Monday, April 13, 2009

Day 62 - Motivation for Loosing Weight

Last weekend, The Kid has had a friend visiting for a sleep over. The Kid is 13, and The Friend is 12. On Saturday morning, the two of them went outside and started kicking a soccer ball around in the backyard.

Just watching them made me tired. Really tired.

So then I started thinking about all the reasons why I should lose weight.

Some of them, are pretty obvious, and really are less about my reasons for wanting the weight off. It's the stuff like better health, a longer life, and all the good stuff that the ubiquitous "they" have to say about why people should lose weight.
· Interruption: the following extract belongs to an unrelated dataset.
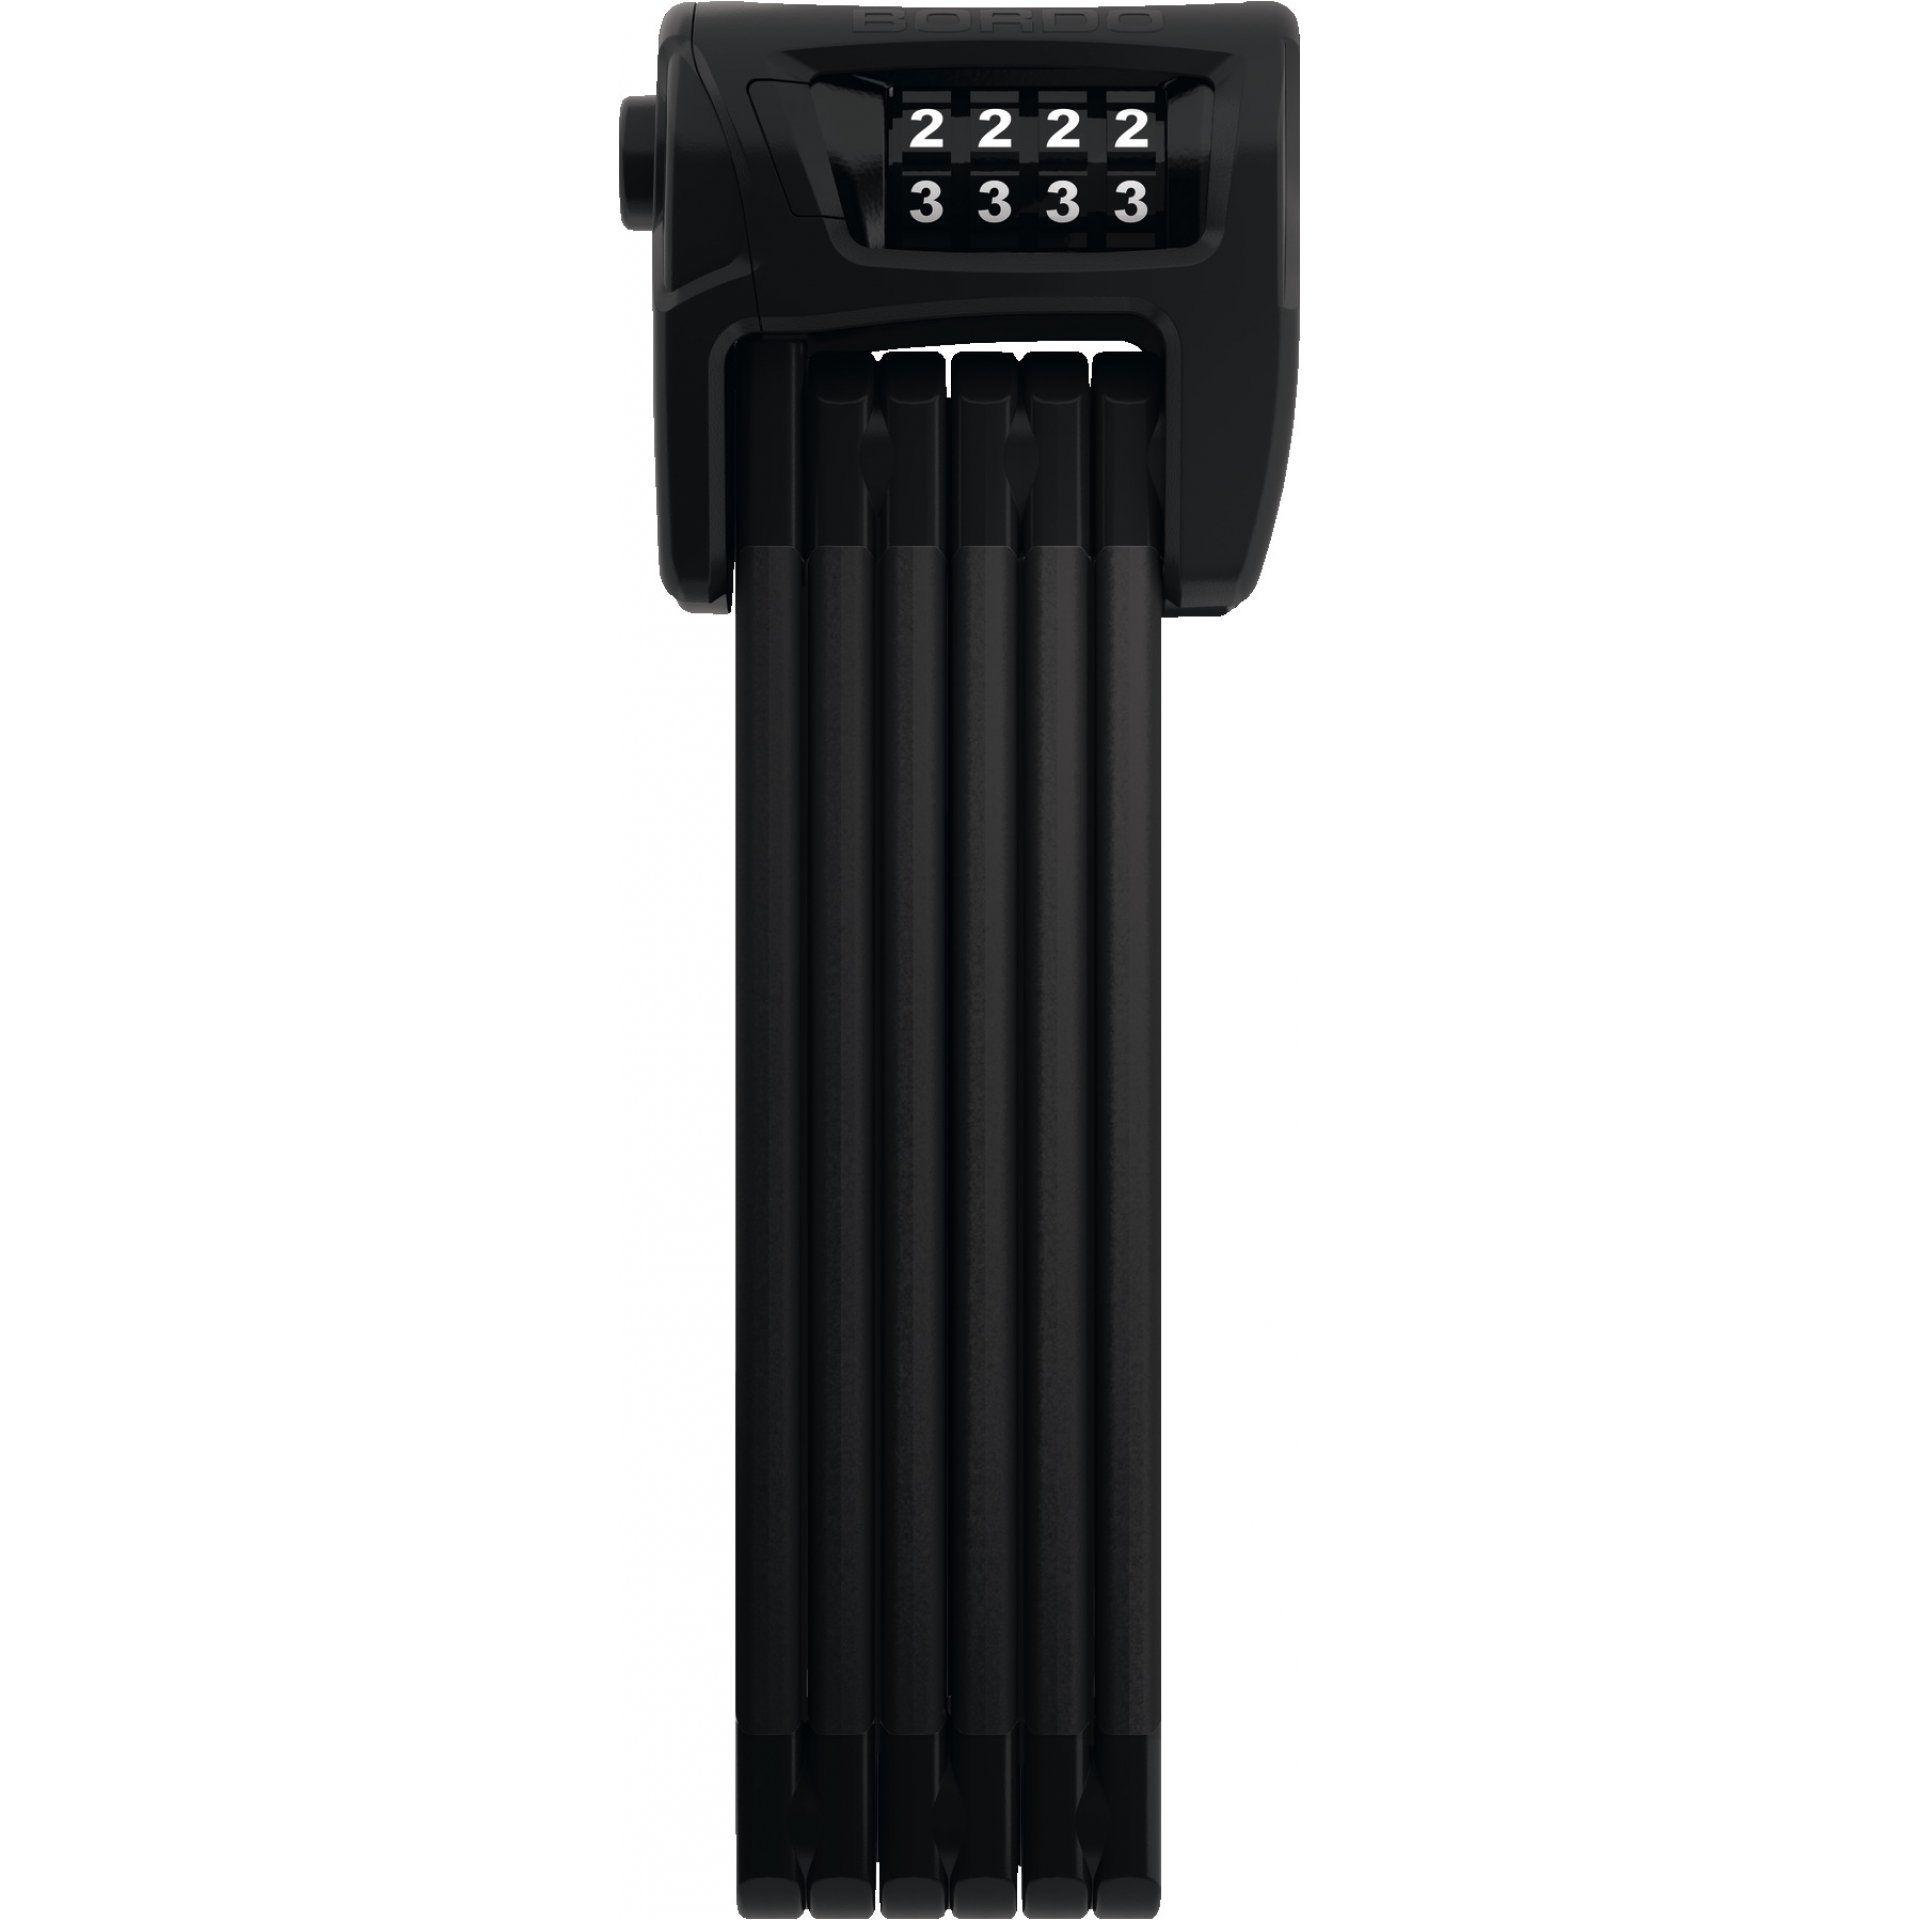 ZAPIĘCIE ROWEROWE ABUS BORDO COMBO SH 6100|90 BLACK 1

When I started thinking about the reasons that I want to lose the weight, I thought about a number of reasons, but then just as quickly realized that a lot of those reasons aren't important to me. Here's the list:






























Reason to Lose Weight My Response
I'll look better. I don't care
I'll feel better. Will I?
My clothes fit better. I don't care about clothing, and I hate shopping
I'll be able to buy clothes at regular stores instead of buying fat clothes at a specialty shop. It would be nice, but it's not a huge motivator, even though I'll probably save money.
People might find me more attractive. So what? I'm already married.
I might live longer. Maybe, maybe not.
I won't have to lift up my fat stomach to wash underneath. Good reason.

I guess the real truth is that my motivation doesn't really come from any of the typical reasons people want to lose weight. Mostly, it's just I'm tired of being fat, and I'm sick of my fat being in my way. I don't like how it feels when I try to tie my shoes, or the fact that I have to pick up my breasts and my stomach to wash underneath.

At my heaviest, it was starting to get hard to twist around to wipe my ass.

I know, TMI, but that's the honest truth.

I really don't care so much about what people think of me, and I doubt once I've lost the weight that anybody will think I'm attractive. I don't even think I'll feel better about myself.

It's just the fat is getting in my way, and that's why it needs to go.